-------- AVAILABLE DATA --------
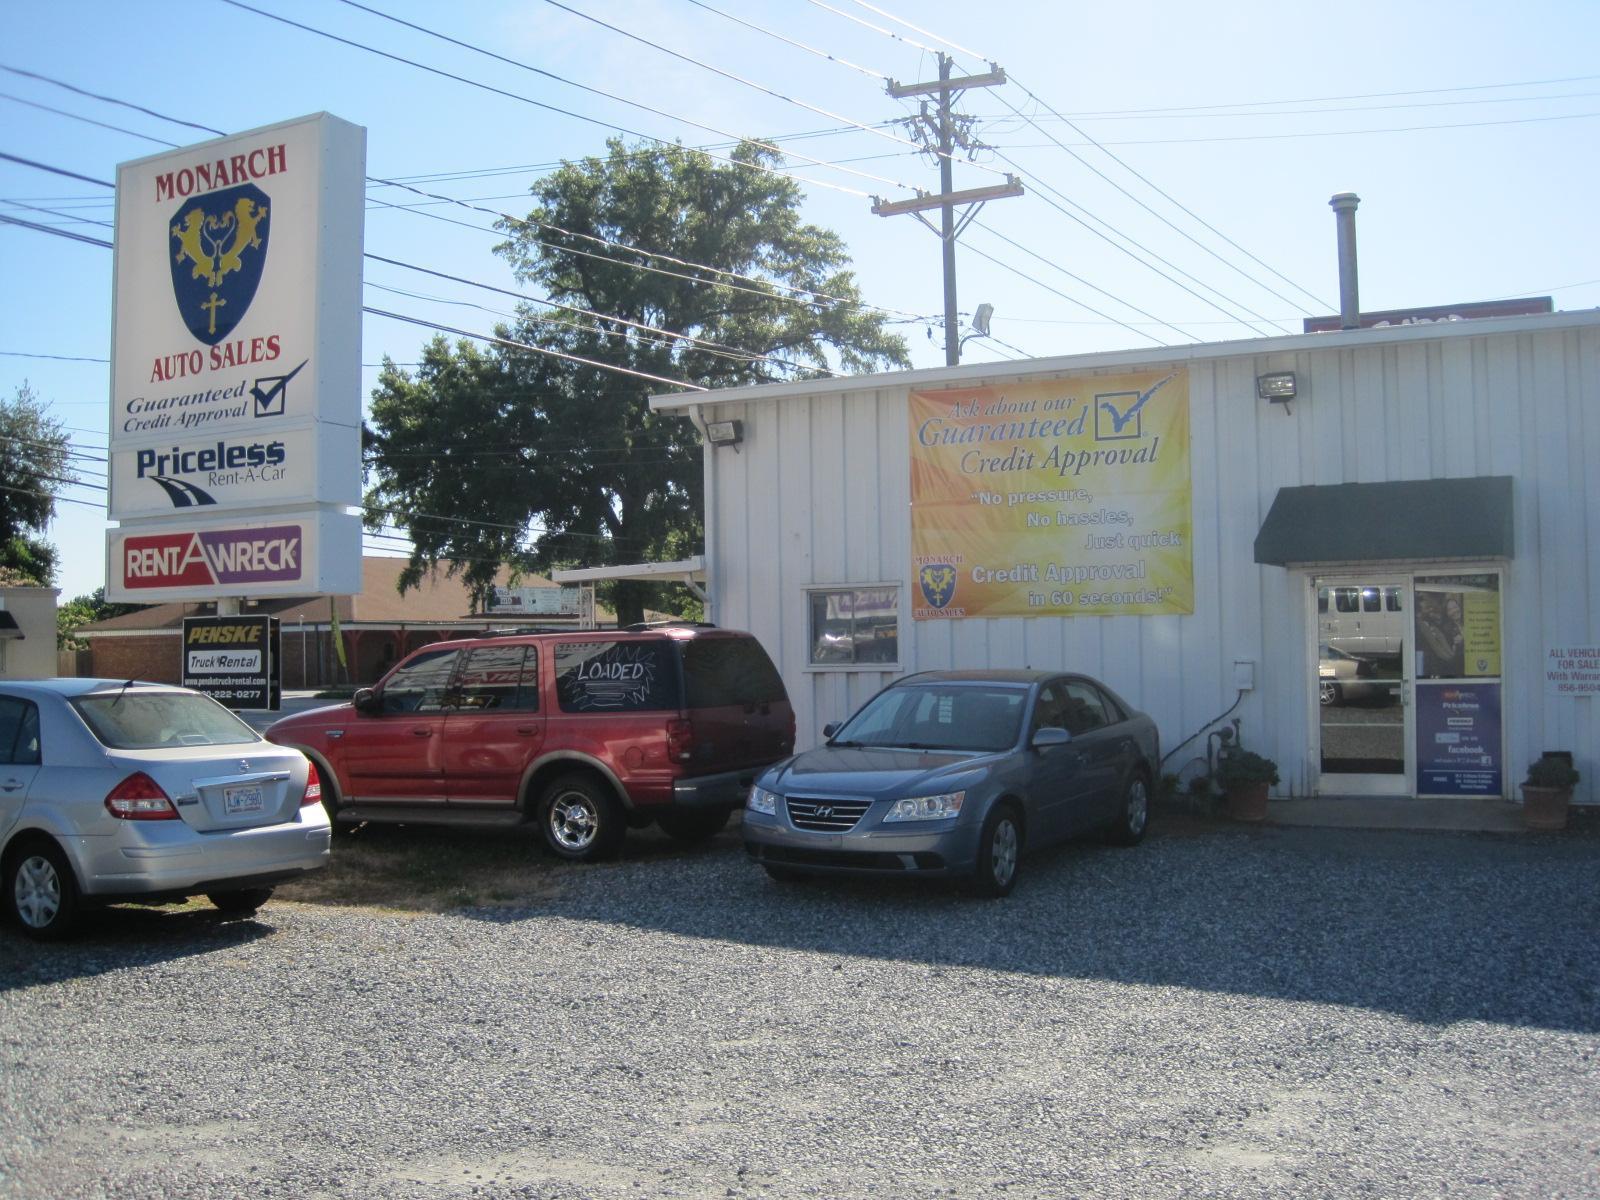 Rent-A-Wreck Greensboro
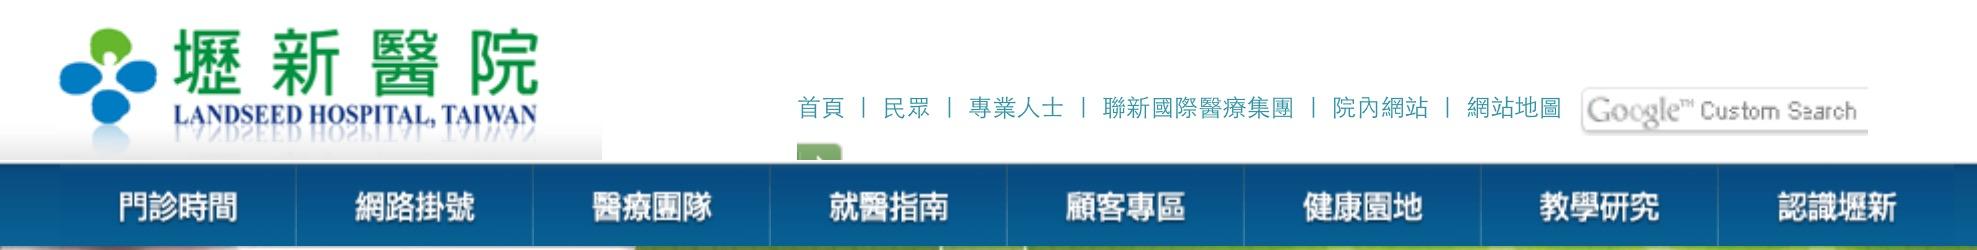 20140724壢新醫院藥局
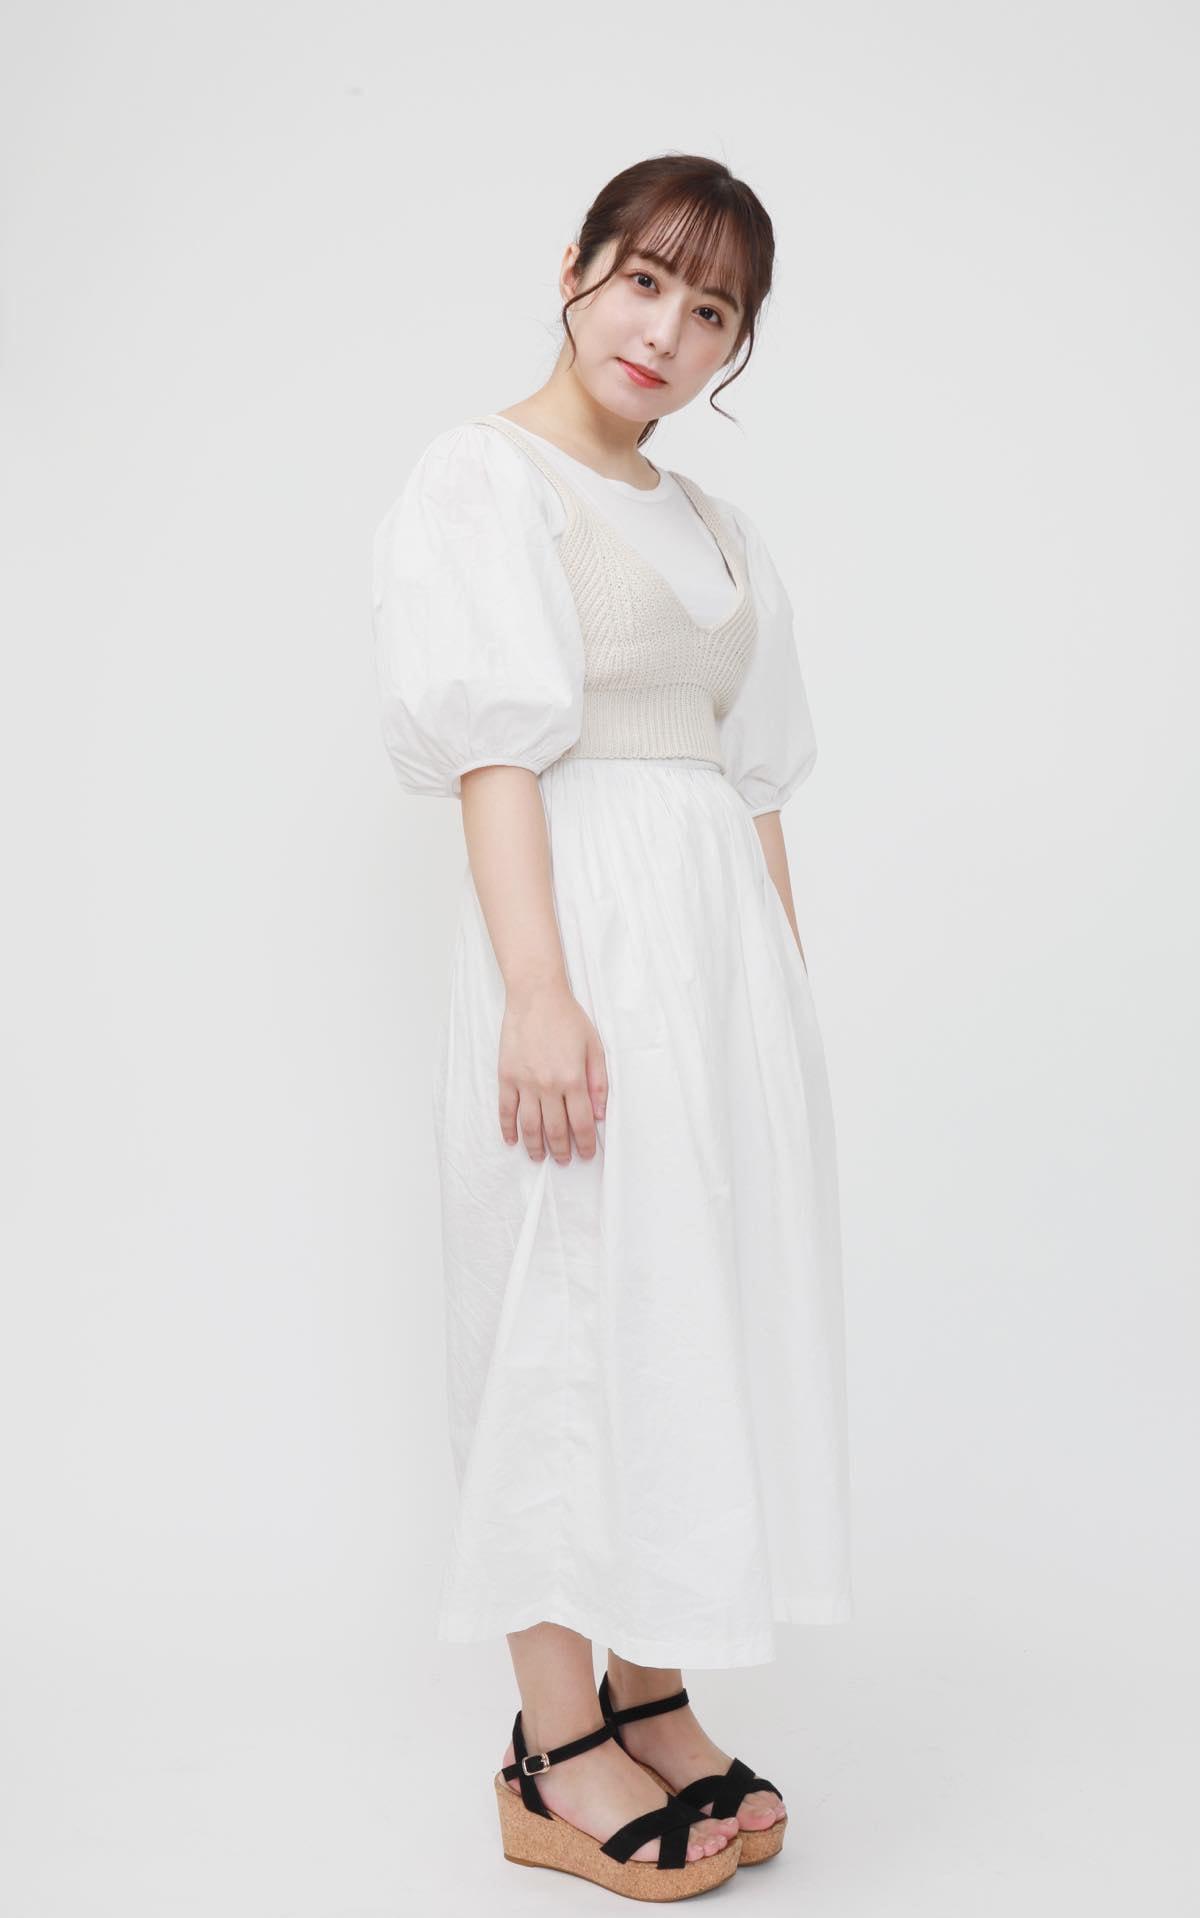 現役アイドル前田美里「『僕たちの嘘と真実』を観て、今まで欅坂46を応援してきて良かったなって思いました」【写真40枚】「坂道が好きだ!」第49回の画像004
--------
-------- AVAILABLE DATA --------
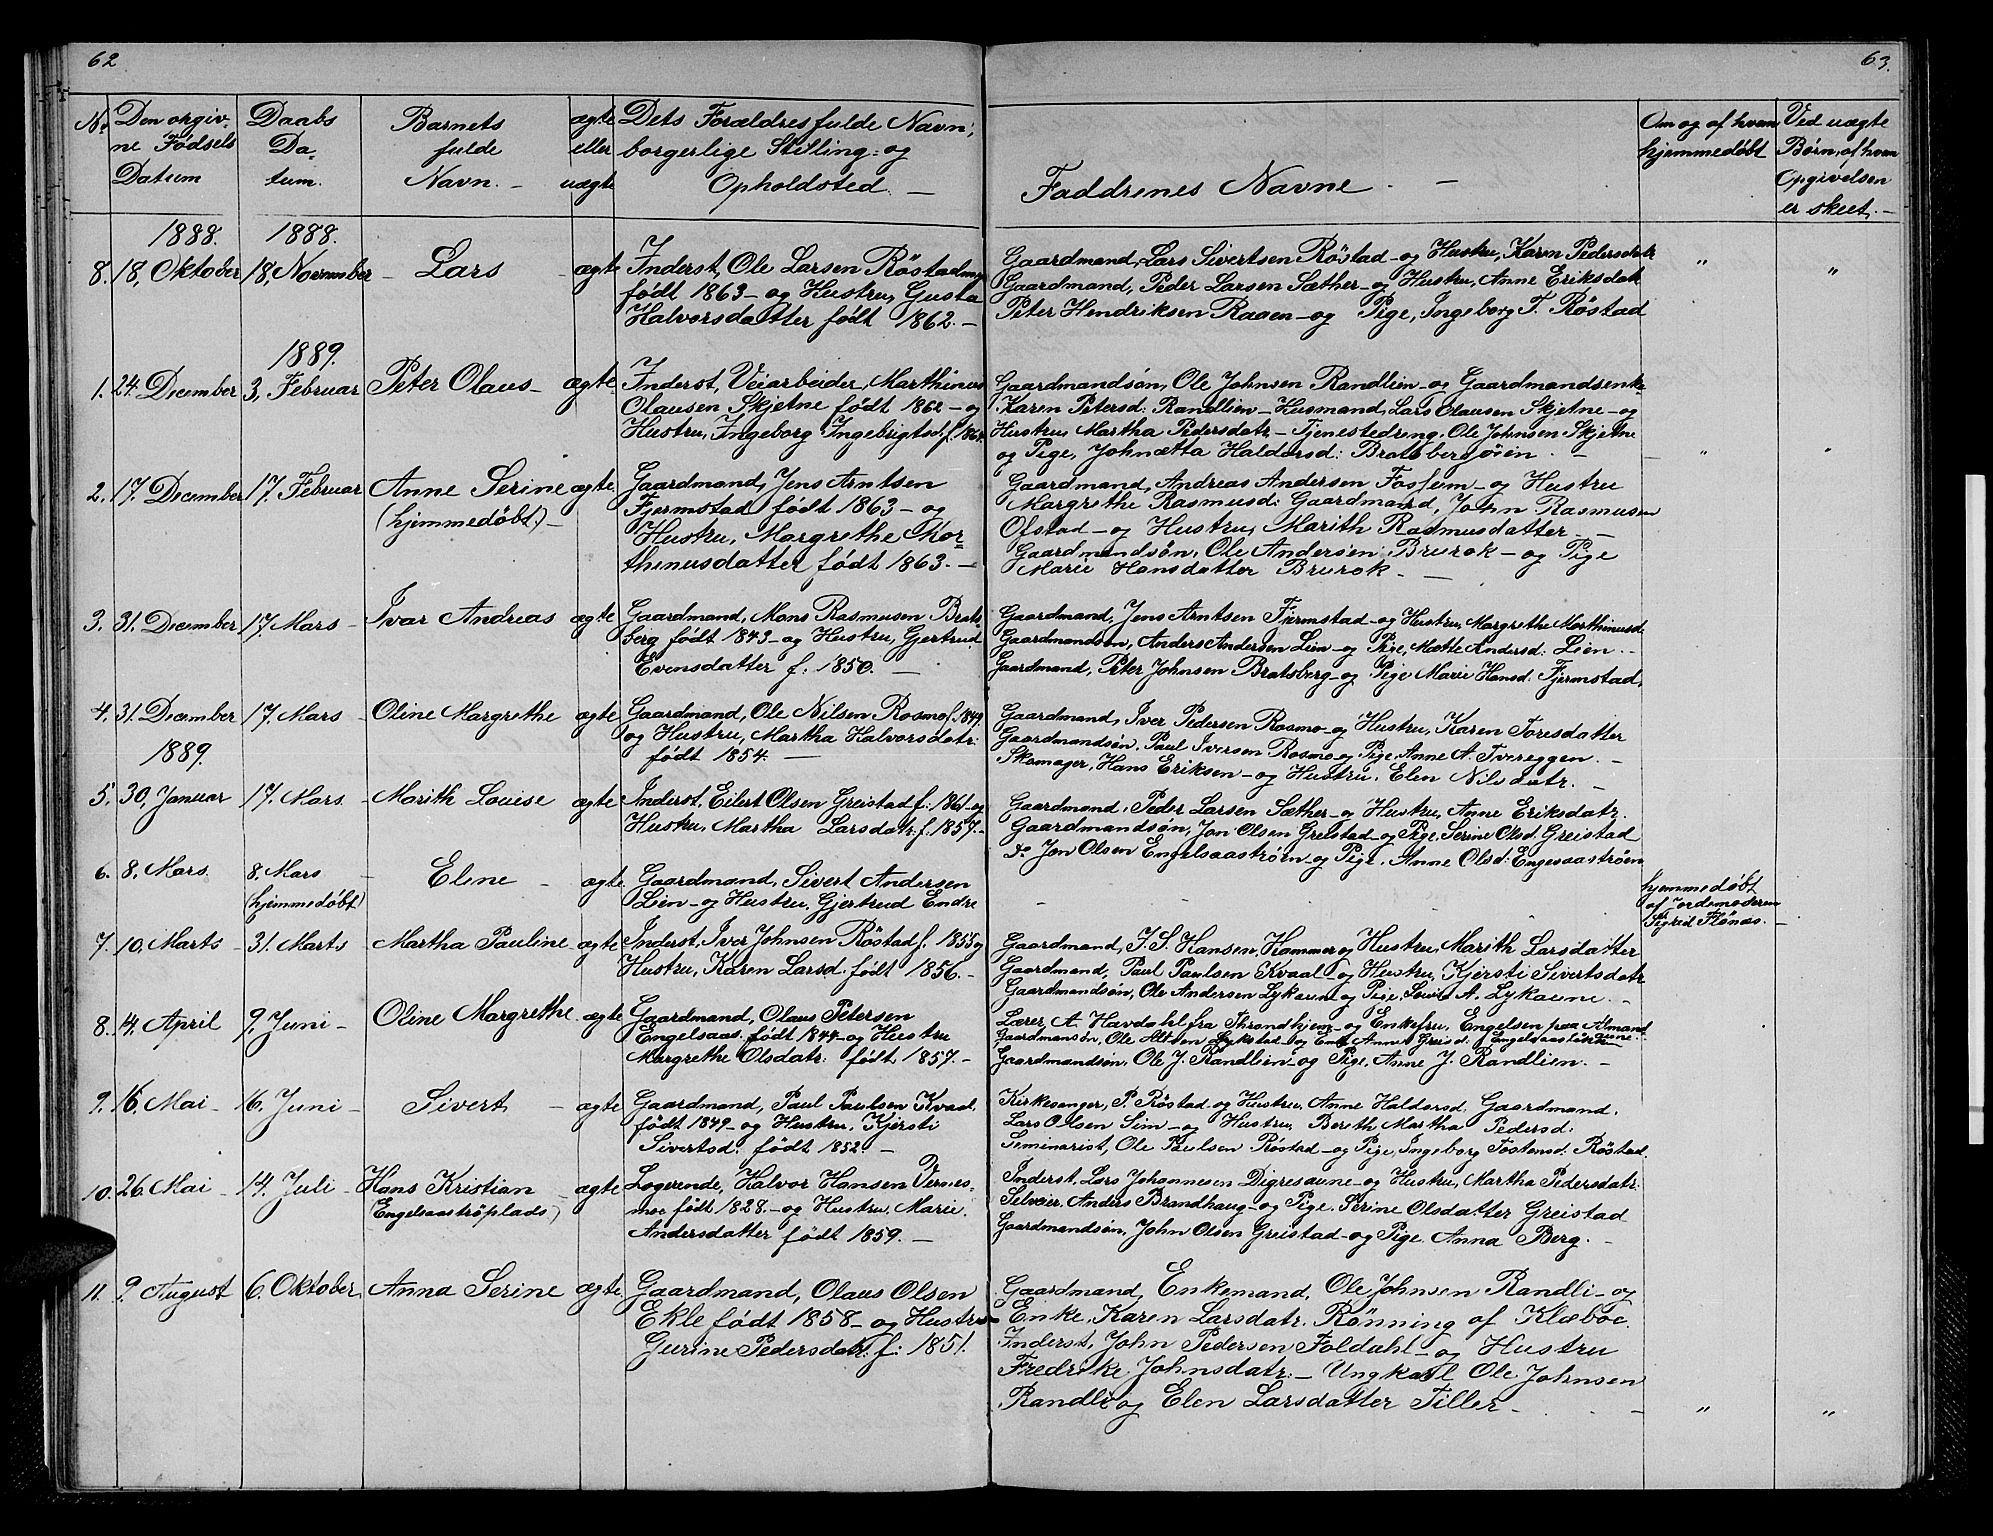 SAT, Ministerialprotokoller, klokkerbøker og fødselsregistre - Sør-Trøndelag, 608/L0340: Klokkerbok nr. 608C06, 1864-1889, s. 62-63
--------
WHAT TO DO: Your reply should consist solely of the lines above from the line containing "Rent-A-Wreck Greensboro" up to and including the line containing "現役アイドル前田美里「『僕た", reproduced exactly, minus the pictures.

COMPLETED EXERCISE:
 Rent-A-Wreck Greensboro
 20140724壢新醫院藥局
 現役アイドル前田美里「『僕たちの嘘と真実』を観て、今まで欅坂46を応援してきて良かったなって思いました」【写真40枚】「坂道が好きだ!」第49回の画像004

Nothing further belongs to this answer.